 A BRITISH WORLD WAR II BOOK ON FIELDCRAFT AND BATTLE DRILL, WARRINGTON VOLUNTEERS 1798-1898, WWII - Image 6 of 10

============

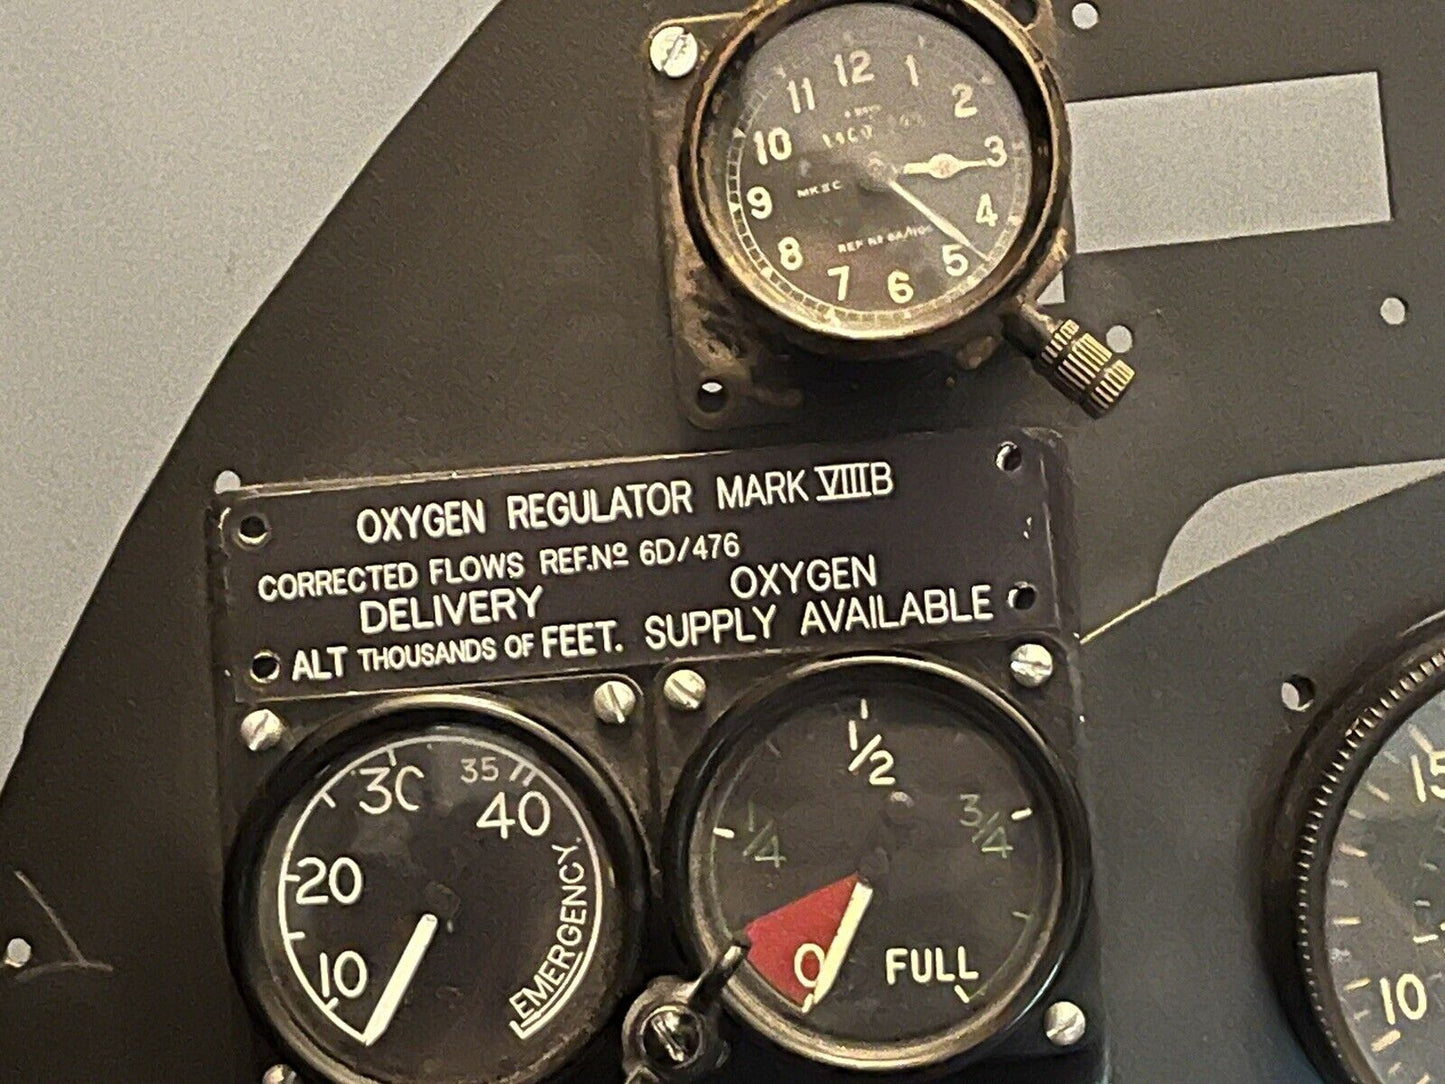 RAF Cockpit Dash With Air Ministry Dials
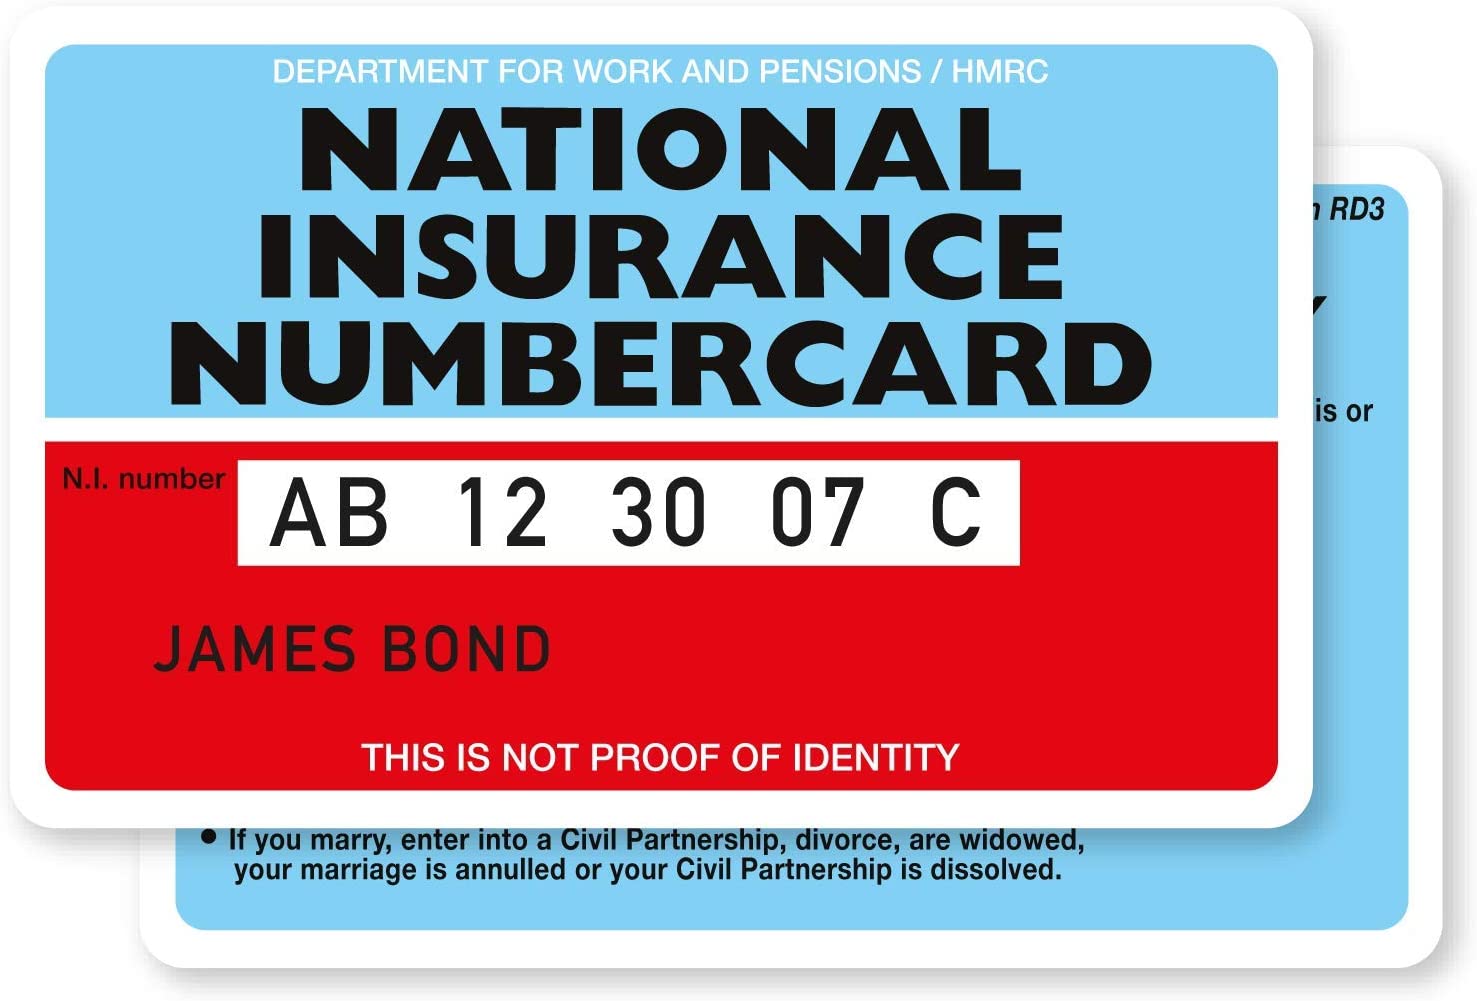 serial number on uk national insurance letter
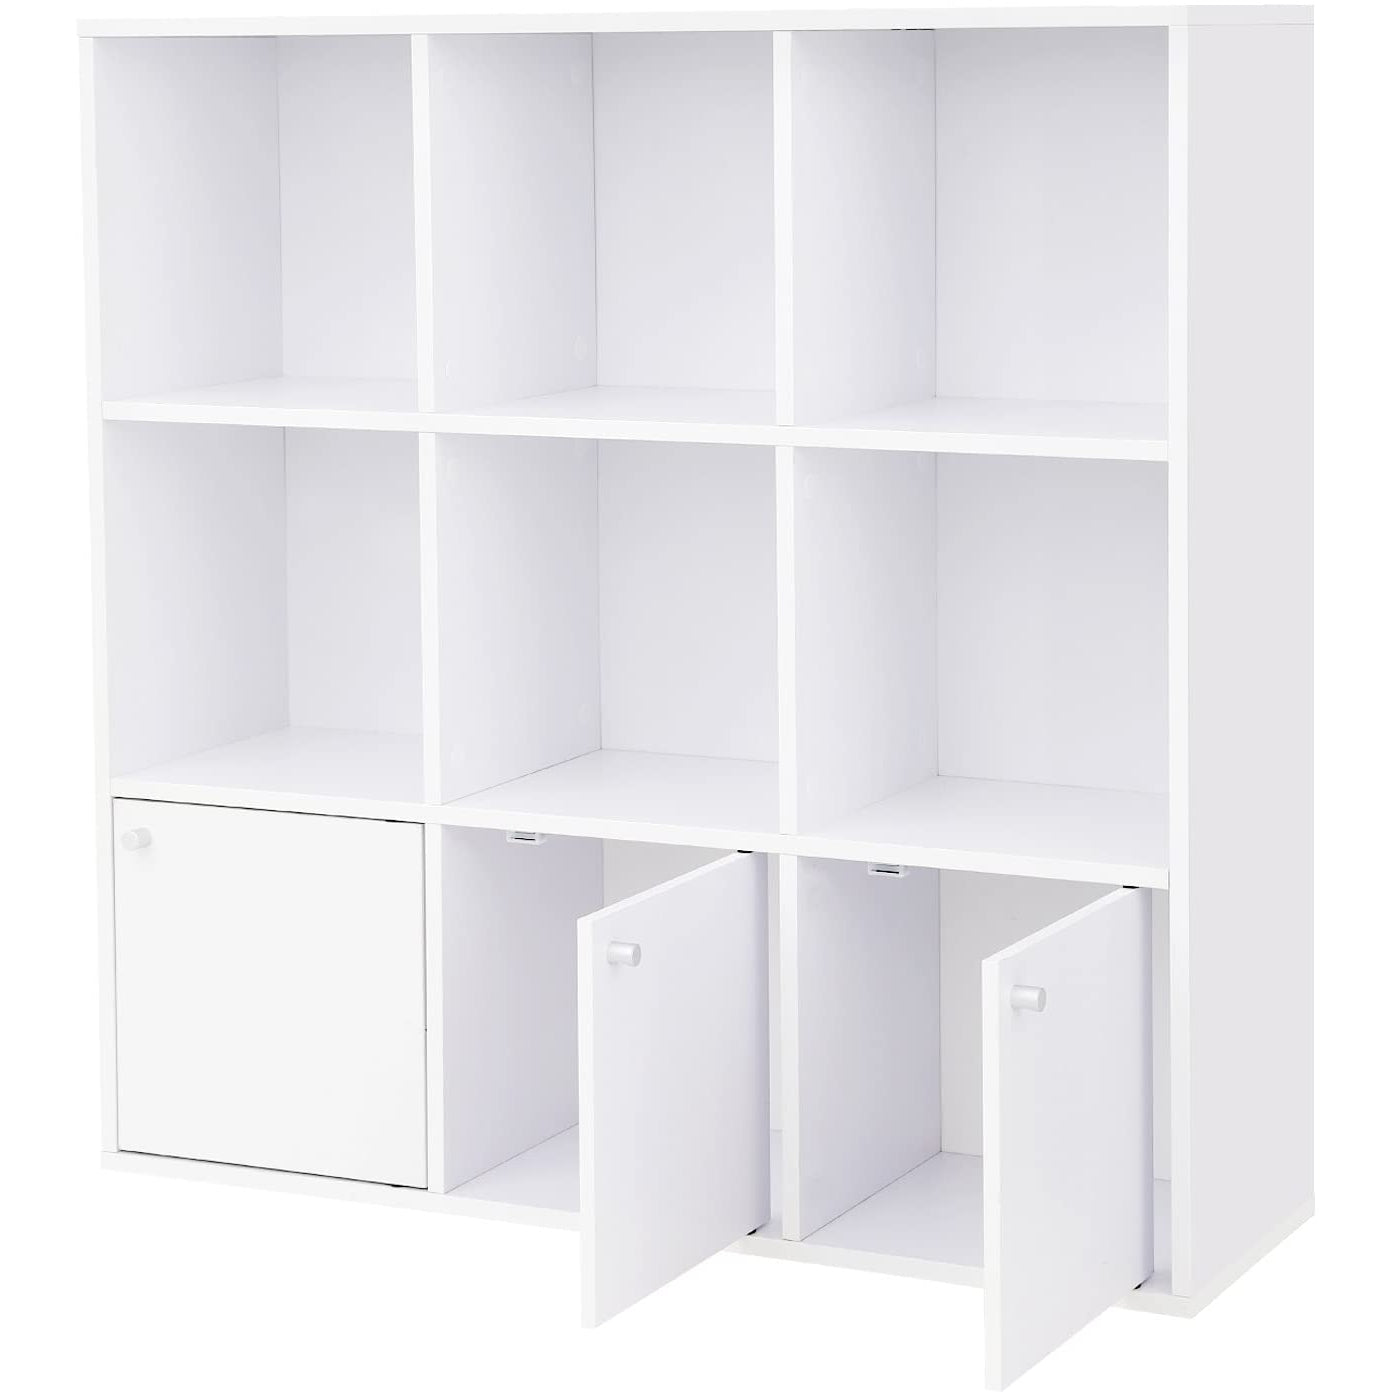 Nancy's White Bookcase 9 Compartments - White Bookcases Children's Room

============

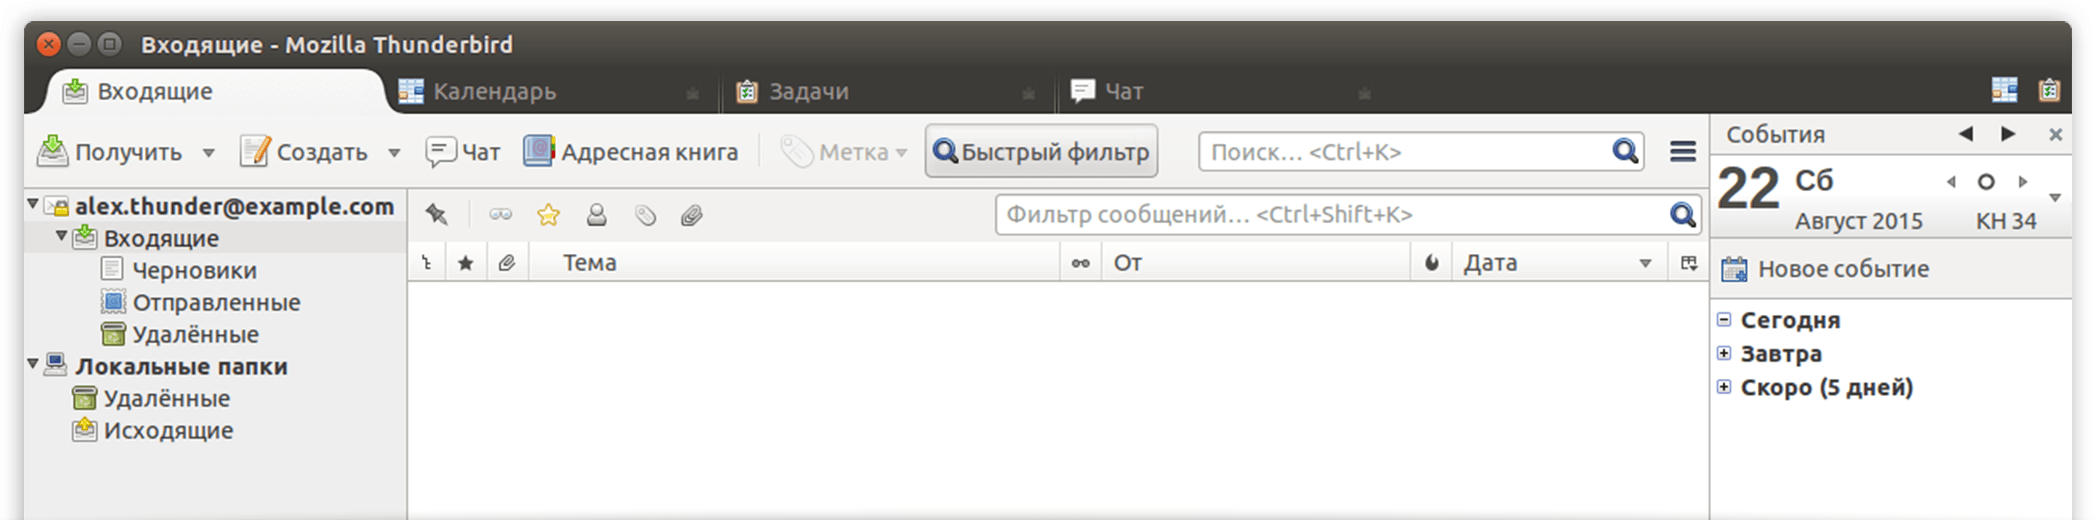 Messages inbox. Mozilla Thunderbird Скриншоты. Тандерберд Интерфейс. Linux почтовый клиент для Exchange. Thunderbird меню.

============

TASK BRIEF: Keep to the stretch from the line containing "serial number on" through the line containing "Nancy's White Bookcase", both ends included, and copy it exactly from the listing above, minus the pictures.

EXERCISE OUTPUT:
 serial number on uk national insurance letter
 Nancy's White Bookcase 9 Compartments - White Bookcases Children's Room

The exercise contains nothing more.